# Magia por categorías > Cartomagia >  Aplicación de productos para cartas

## gabi_ab

Hola a todos.

Este es mi segundo mensaje en el foro, supongo que no estoy desvelando ningún secreto concreto con estas preguntas, ¿verdad?, son preguntas genéricas.

Tengo dos productos para cartas, el "rouging fluid" (spray antideslizante) y el "fanning powder" (para abanicos), y he probado a utilizarlos y no veo la forma correcta. Por ejemplo, el "fanning powder" no sé si ponerlo primero en un algodón y luego frotar las cartas, o ponerlo directamente en las cartas y frotarlas entre ellas, no sé, pero no me convence mucho cómo queda. Lo digo sobretodo para reavivar las cartas especiales trucadas que se van quedando viejas.

Y el antideslizante tampoco pienso que lo utilice bien, si lo hago desde cerca (15 cm.), parece que se "moja" la carta, desde lejos (50 cm.) pues tampoco lo veo bien, al final tengo que extenderlo con un algodón y no me convence.

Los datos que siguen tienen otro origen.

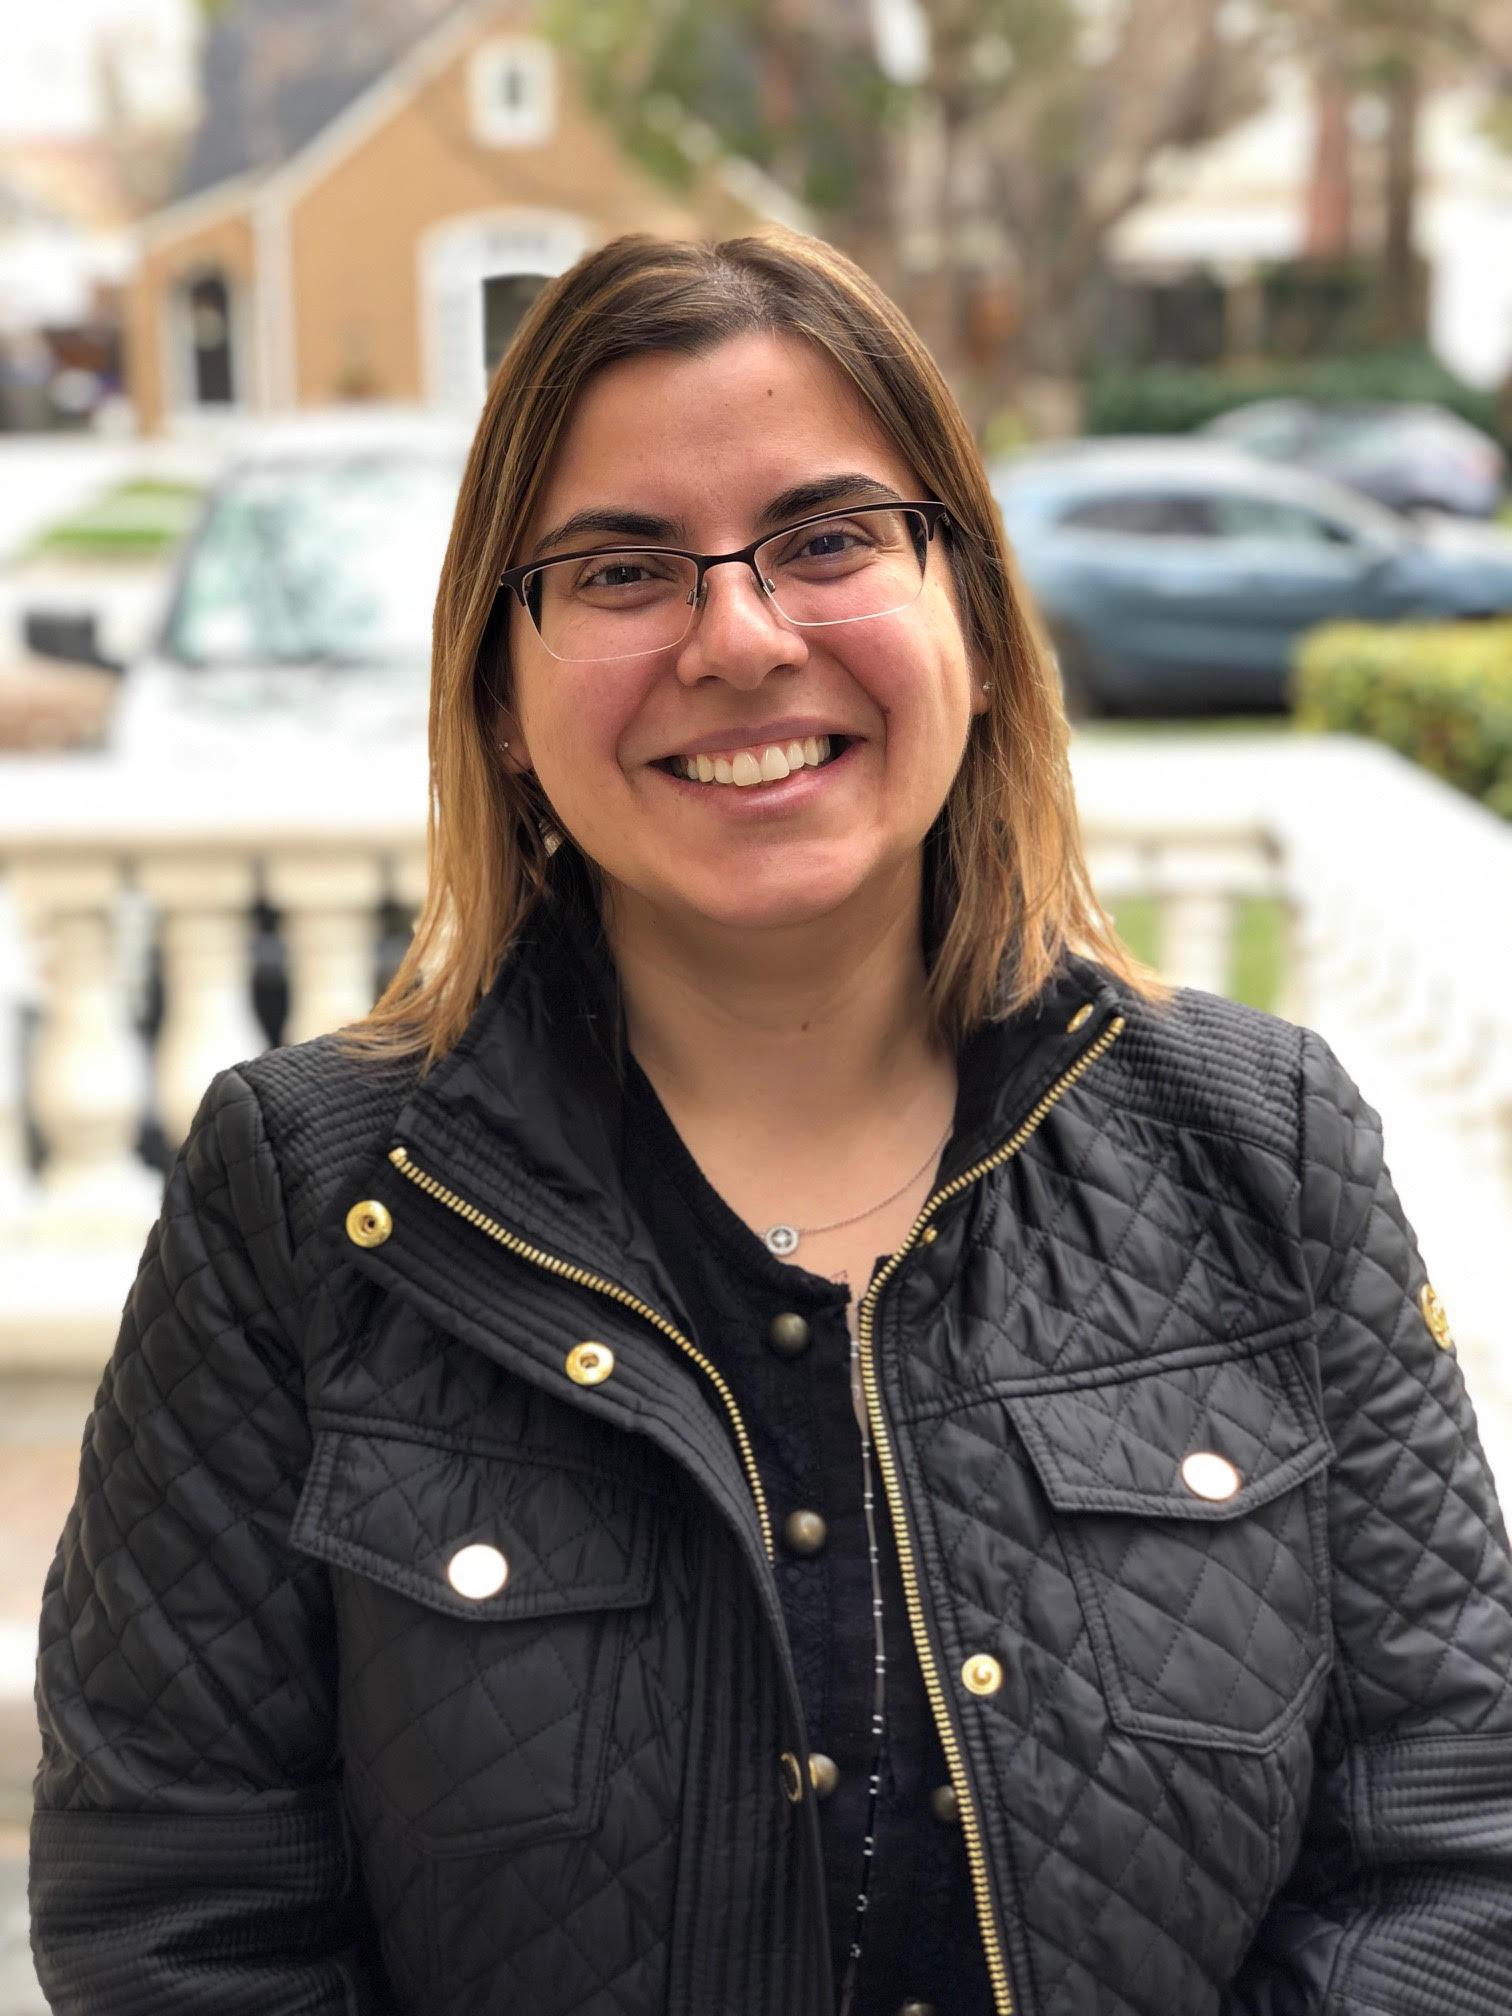 Sofia Kotsiri

Entonces, la pregunta es: ¿me podríais explicar cómo aplicar estos productos correctamente?. Gracias.

----------


## 46u5t1n

Yo nunca he utilizado estos productos, pero supongo que tendrán sus instrucciones como todo en este mundo, no?
De todas formas, pregunta en la tienda donde los adquiriste para mas información (como los medicamentos en la farmacia)

----------


## gabi_ab

46u5t1n, gracias por responder (porque has sido el único que lo ha hecho hasta ahora), pero eso de " ... leéte las instrucciones" no me vale de mucho, instrucciones me las leí en su momento, si las había, que no recuerdo, pero lo que me interesaba es una respuesta de alguien que sí tenga estos productos y los utilice habitualmente, y así me diga la mejor forma de hacerlo.

----------


## ignoto

El antiderrapante se pone en las dos superficies a tratar. Si sabes dónde quieres ponerlo, sabes usarlo. Hace su efecto al contactar las dos cartas tratadas y no con una carta tratada y otra no.
Los polvos deslizantes son para manipulación. Si no sabes manipulación, no te son útiles. Se aplican con un pincel (por ejemplo) por ambas caras de cada carta. No tienen excesiva utilidad si no vas a salir a un escenario a producir abanicos como un loco.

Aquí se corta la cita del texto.